第7話

そして次の日、目を覚ますと昨日まで感じていた腕の痛みはすっかり消えており、

昨晩彼が言った通り、左腕全体にジェイドの黒魔導士としての象徴である龍の刻印が刻まれていたことに驚きを隠せないでいた。


(マジだったのかよ)


ジャックは心の中で呟くと自分の左腕をまじまじと見つめる。それはまさに本物の龍のようで、思わず見惚れてしまう程だった。しかし同時に不安もあったのだ。本当に自分は彼と同じことが出来るようになったのかという疑問である。もしそれが本当ならば、今まで出来なかったことが出来るようになるということだが……果たして本当にそうなのか?そう思い悩んでいた時だ。不意に部屋の扉が開かれたかと思うとそこにはジェイドの姿があったのである。しかも彼は何故かニヤニヤしており気味が悪かったのでジャックは思わず眉を顰めたのだった。

そしてそのままジェイドは部屋へと入ってくるなり口を開いた。


『発現成功~♪こんなサービス、滅多にしないんだからねっ』


気色悪いウィンクを浮かべながら、ジェイドはジャックに近寄る。


「あの、なんなんですかホント。」

そう答えるとジェイドは満足そうに微笑んだ後、突然ジャックの腕を掴んだのだ。そしてそのまま刻印を撫でるように触れる。その瞬間ビリッとした感覚に襲われたがすぐに収まったのでほっと胸を撫で下ろす。するとジェイドはニヤリと笑みを浮かべた。その笑みは正に悪魔そのもので思わず背筋がゾクリとした。そして次の瞬間には彼は耳元でこう囁いたのだった。

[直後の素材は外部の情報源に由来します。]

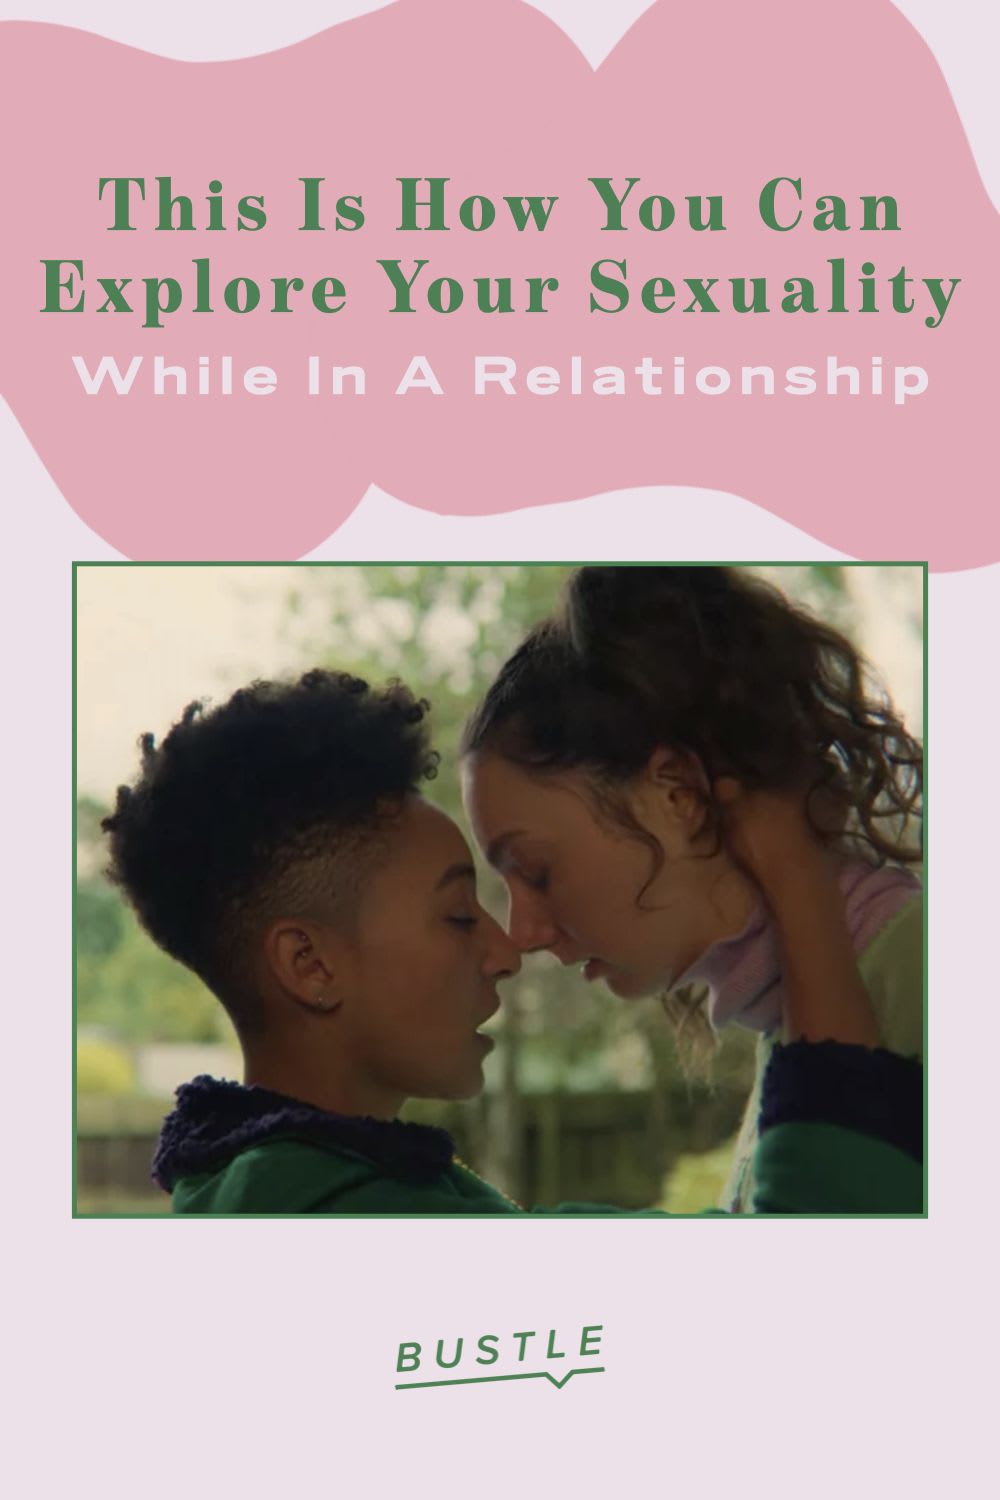 This Is How You Can Explore Your Sexuality While In A Relationship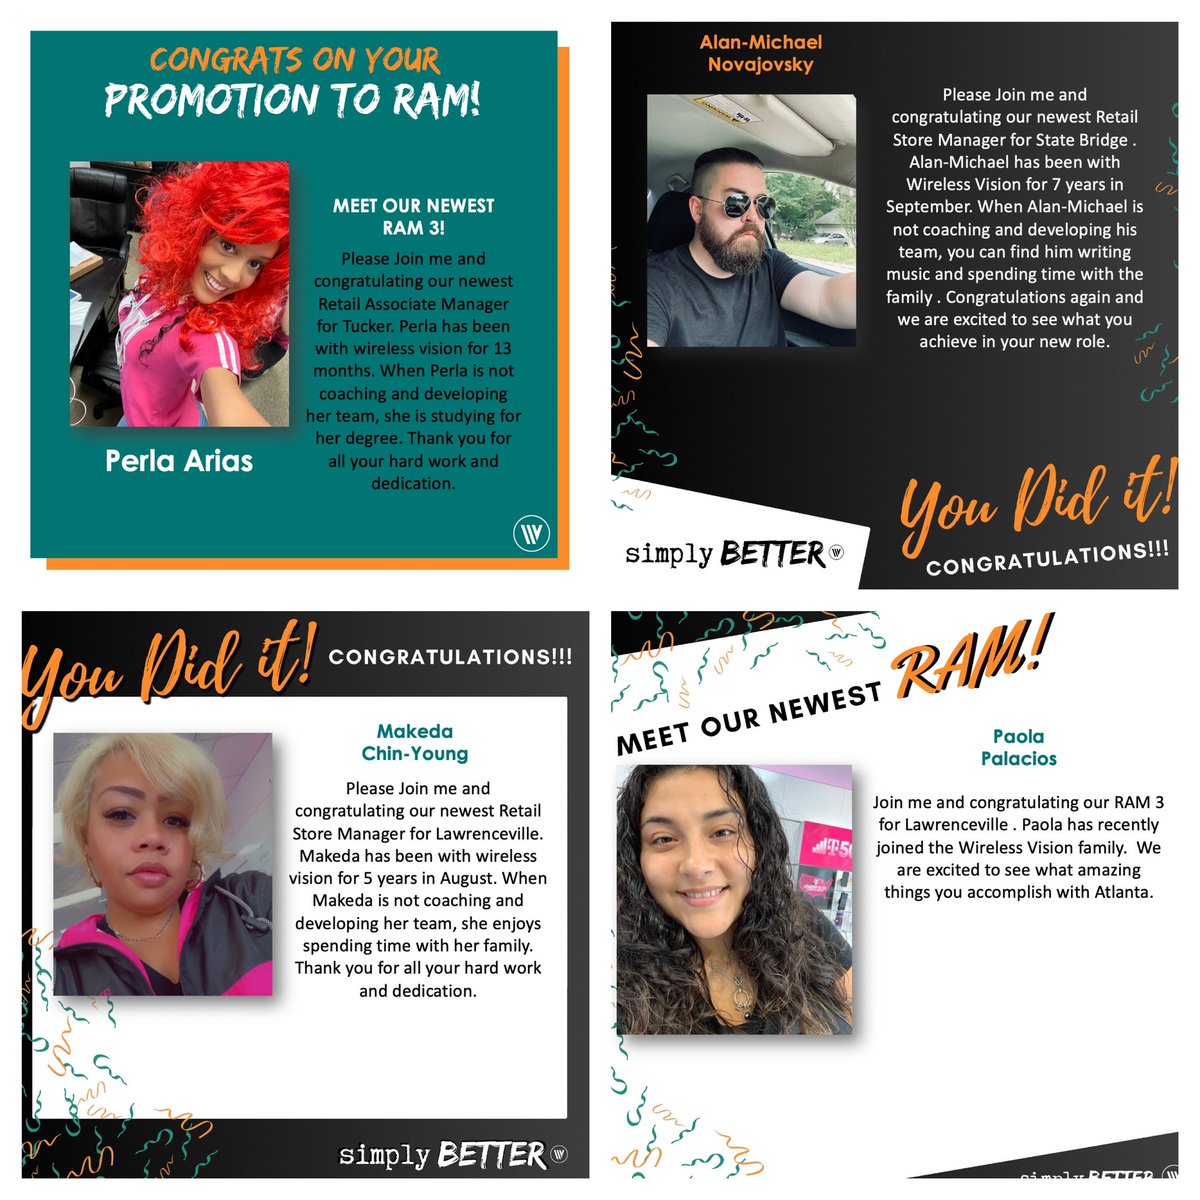 It’s an honor to announce our Newest Retail Store Manager Makeda Chin-Young and Alan-Michael Novajovsky!! 🥳🥳🥳 We also have our new RAM 3’s Perla Arias and Paola Palacios!! 🥳🥳🥳 #WVCulture #atlanta @WirelessVision

『…存分、暴れてみれば?だって今日、”ジェイド・フェルニール”としての初仕事なんでしょ?』


そう、今日はジャック・フェンダニルが訓練を抜け、やっとジェイド・フェルニール本人として行動を行う初任務の日だった。その依頼とは酷く単純なもので、ギルドの古参幹部と一緒に皇国内にある森をパトロールするという、これ魔導士じゃなくても充分できるだろ、と言わんばかりの仕事を頼まれたのである。


「にしても、シンプル過ぎませんかね…?」


『いやいやぁ~、森を侮っちゃいけないよ!もしかしたらとんでもないものと遭遇するかもしれないんだよ?例えば…』


何か、ジェイドが言いかけたところで扉の外からノックがした。それに応対すると、

聞き慣れた声が聞こえてくる。


「ジェイド、時間だ。もう出発するぞ」


声の主はヤードだった。慌ててジャックが、外に出ようとして後ろを振り向いた頃にはもうジェイドは姿を消してしまっていた。全く、神出鬼没な男には困ったものだと肩を下しながらドアノブに手を掛ける。



『マリィには気を付けてね♪』


どこかで、ジェイドの声が聞こえた気がしたが、ジャックはあえて聞こえないふりをしていた。